Physical characteristics
- • location: China
- • location: Ayeyarwady River
- • coordinates: 24°17′35″N 97°13′12″E﻿ / ﻿24.29306°N 97.22000°E
- • elevation: 103 m (338 ft)
- Length: 117 km (73 mi)
- Basin size: 7,053.2 km^{2} (2,723.3 sq mi)
- • location: Near mouth
- • average: 373.7 m^{3}/s (13,200 cu ft/s)

= Taping River =

The Taping River (太平江 (Tàipíng Jiāng)), known as Ta Hkaw Hka in Kachin and Daying River (大盈江 (Dàyíng Jiāng, Ta-ying Chiang)) in Chinese, is a river in Yunnan province, China and northern Myanmar (Burma). It is the first tributary of the country's chief river, the Irrawaddy, and the watersheds between it and the N'mai Hka river to the northwest and the rivers Shweli and Salween to the southeast form part of the boundary between China and Myanmar. Its source lies in Yingjiang County of Yunnan, and it enters the Irrawaddy near Bhamo, Kachin State.

==History==
In 1277 King Narathihapate of Bagan had an ambassador from Kublai Khan executed and then invaded the state of Kanngai along the Taping river, 70 miles north of Bhamo, for submitting to the Mongols. The Chinese defeated the Burmese in the Battle of Ngasaunggyan, a vivid account of which was reported back to Europe later by Marco Polo. The Chinese army advanced to Kaungsin but turned back because of excessive heat. They returned however in 1283, destroying Kaungsin and advancing into the Irrawaddy valley culminating in the fall of Bagan.

Trade with China had taken place along the Taping river for centuries through Kaungsin until Bhamo became more important from the 15th century onwards.

During the Second World War the Allies built the Ledo Road from India to China across northern Burma, and before Christmas 1944, completed 354 miles to reach Myothit on the Taping river in order to link up with the old Burma Road at Bhamo. American GIs in the road gang had pleasant recollections of their time along the river trading with locals for souvenirs and hunting in the jungle.
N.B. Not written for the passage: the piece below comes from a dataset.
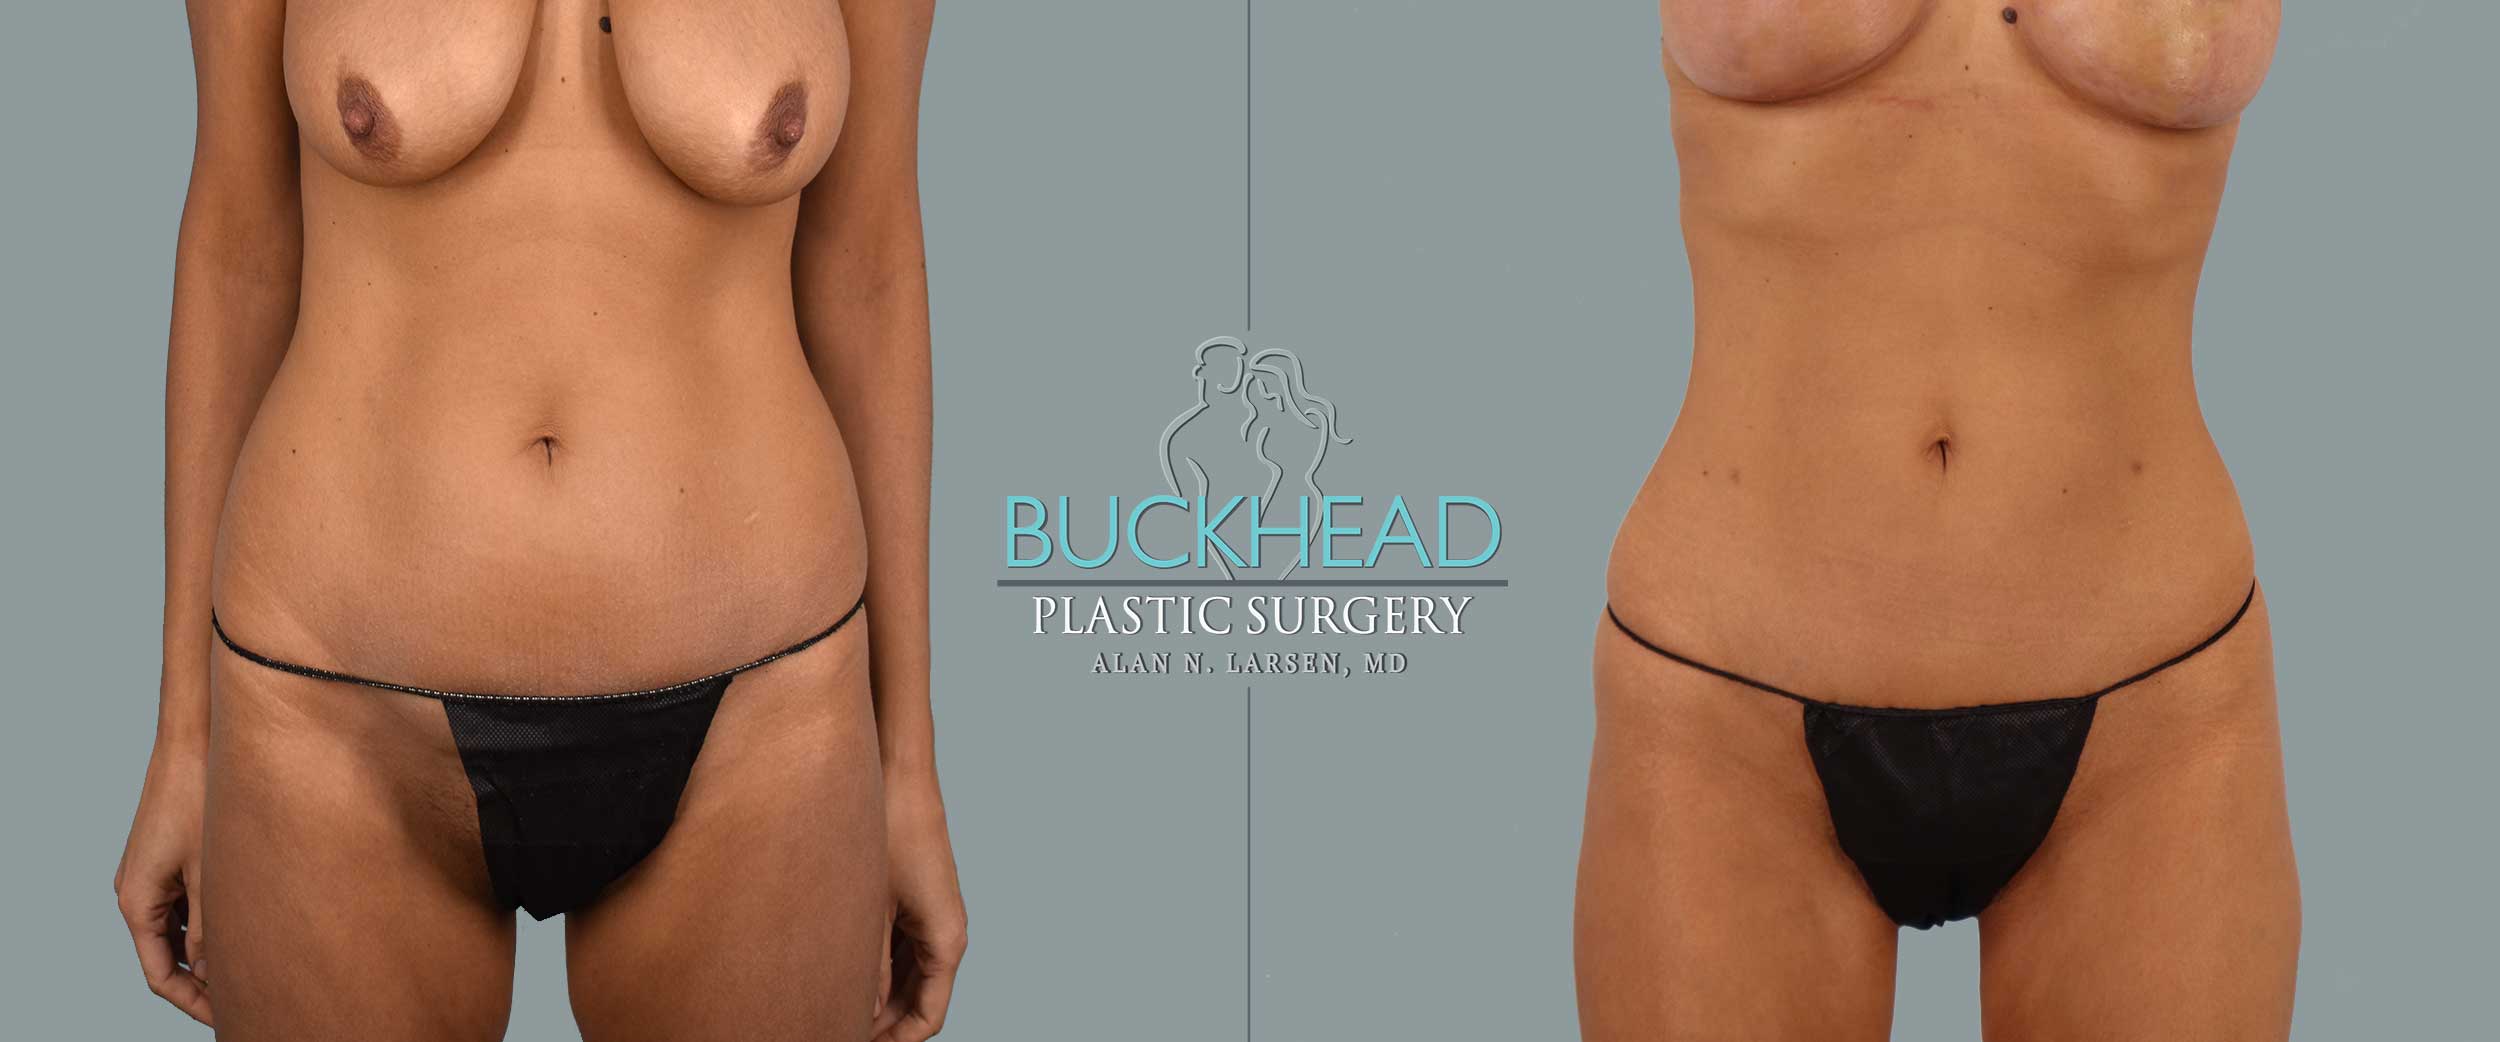 Alan N Larsen, MD, Double Board Plastic Surgeon at Buckhead Plastic Surgery

Pontoon bridges were built by engineers across 10 major rivers including the Taping.

Earlier in the war, the Chinese 38th Division led by General Sun Li-Jen under the Northern Combat Area Command (NCAC) had fought the Japanese 56th Division along the Taping in a successful attempt at capturing Myothit in late October and subsequently driving the enemy out of their main defense positions in Bhamo, thus spearheading the drive in the construction of the Ledo Road.

==Flora and fauna==
A rhinoceros was shot in 1946 after it had crossed the Irrawaddy and then the Taping river.
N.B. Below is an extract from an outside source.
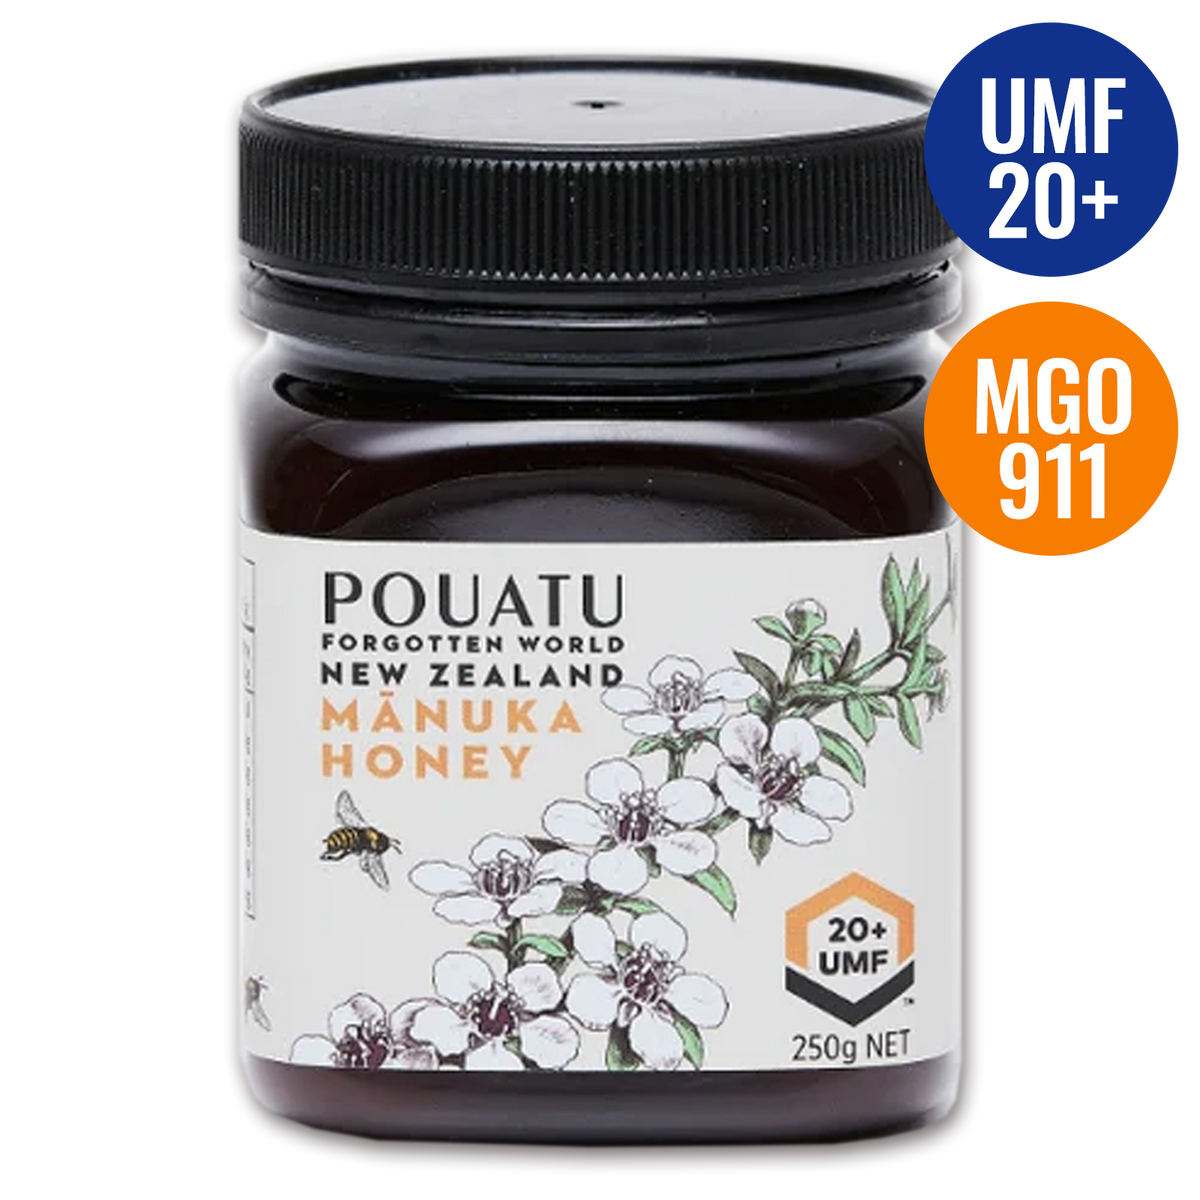 Premium All Natural Manuka Honey UMF20+ MGO911 from New Zealand (250g) - Horizon Farms

The Americans hunted sambar (deer), pheasants, and bear during the war, and a tame pet otter was traded for 2 boxes of matches.
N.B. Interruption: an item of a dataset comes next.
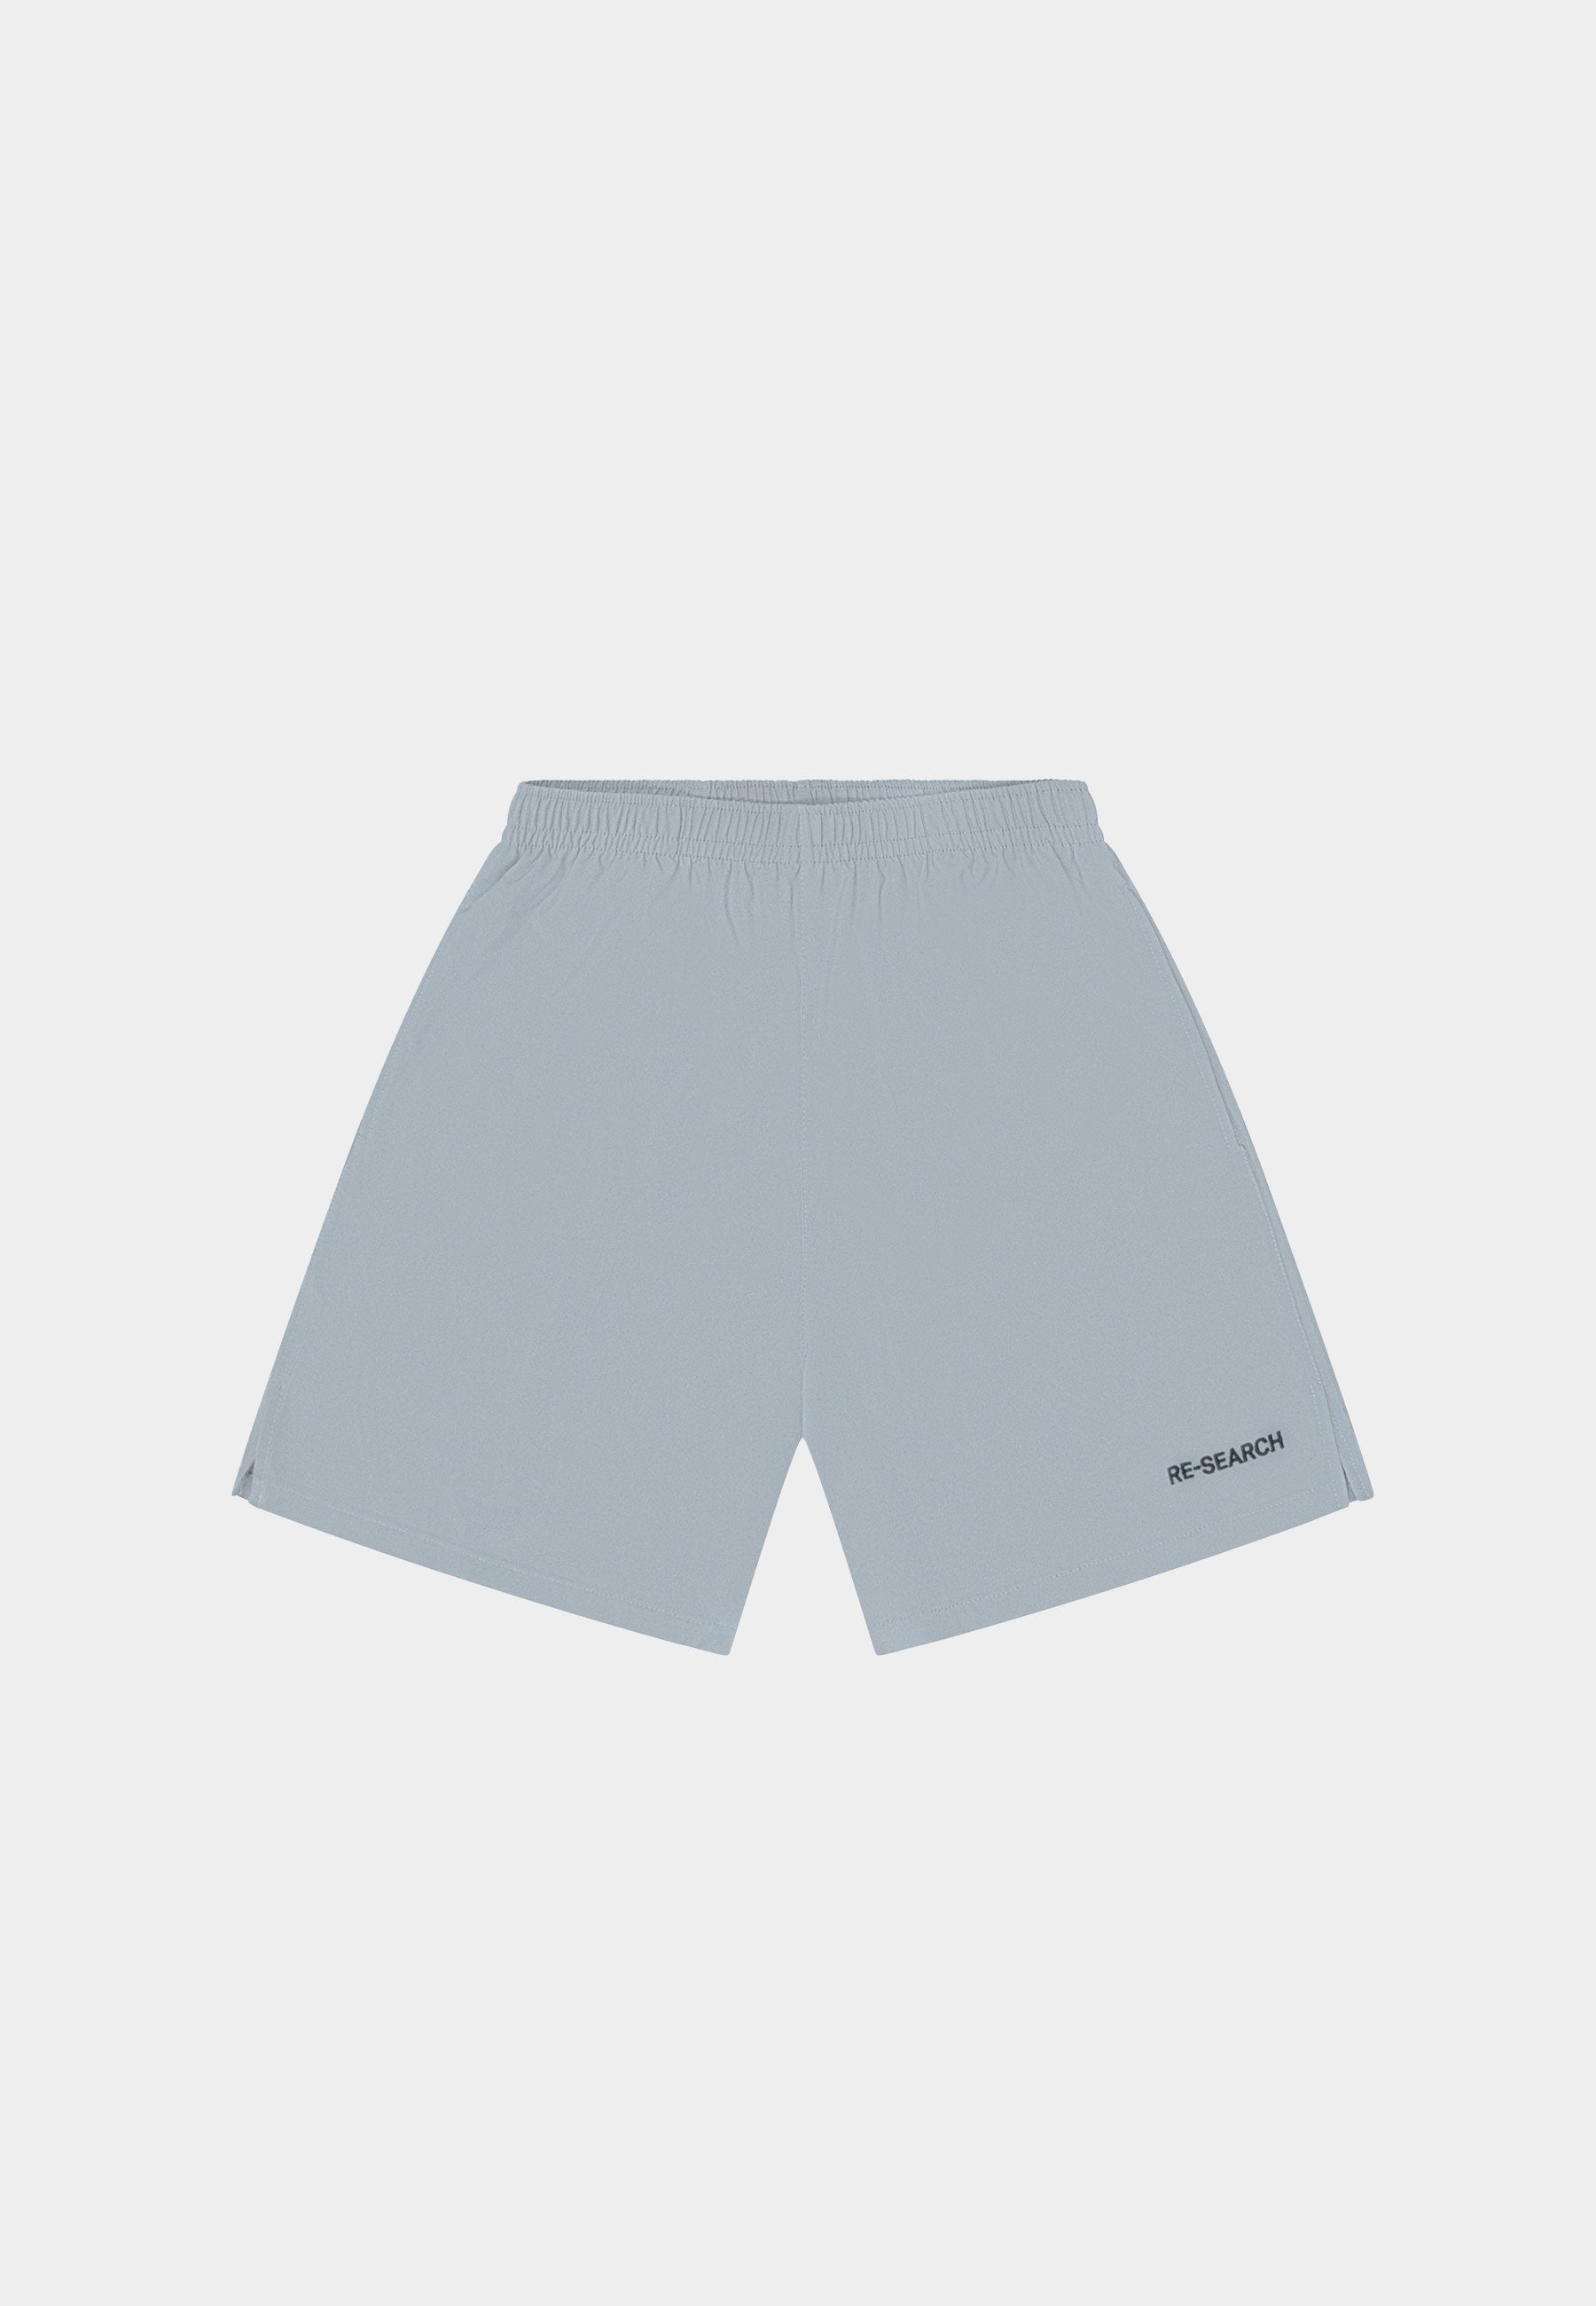 All Terrain Shorts - Schwerkraft Grau

The Irrawaddy dolphin has been known to enter the upper tributaries of the Irrawaddy including the Taping especially when the rivers are flooded. They were observed in the 19th century up to 30 km above Bhamo called "Dolphin Point". More recent surveys in 2002-2004 reported sightings in the deep pool area at the confluence of the Taping and the Irrawaddy, and up to 36 km upstream to Sinkan at the upstream end of the second defile of the Irrawaddy. Dam building upstream along the Taping is causing concerns as the reduced flow during the dry season could lead to loss of habitat and decline in their numbers.

==Development==
Hydropower projects are under way in the region along the Taping, and 3 dams are being built - one on the Chinese side of the border, and 2 in Burma jointly by China Datang Corporation (CDT) and the Burmese military government namely Taping 1, 33 miles from Bhamo (240 MW), and Taping 2, 26 miles from Bhamo (168 MW).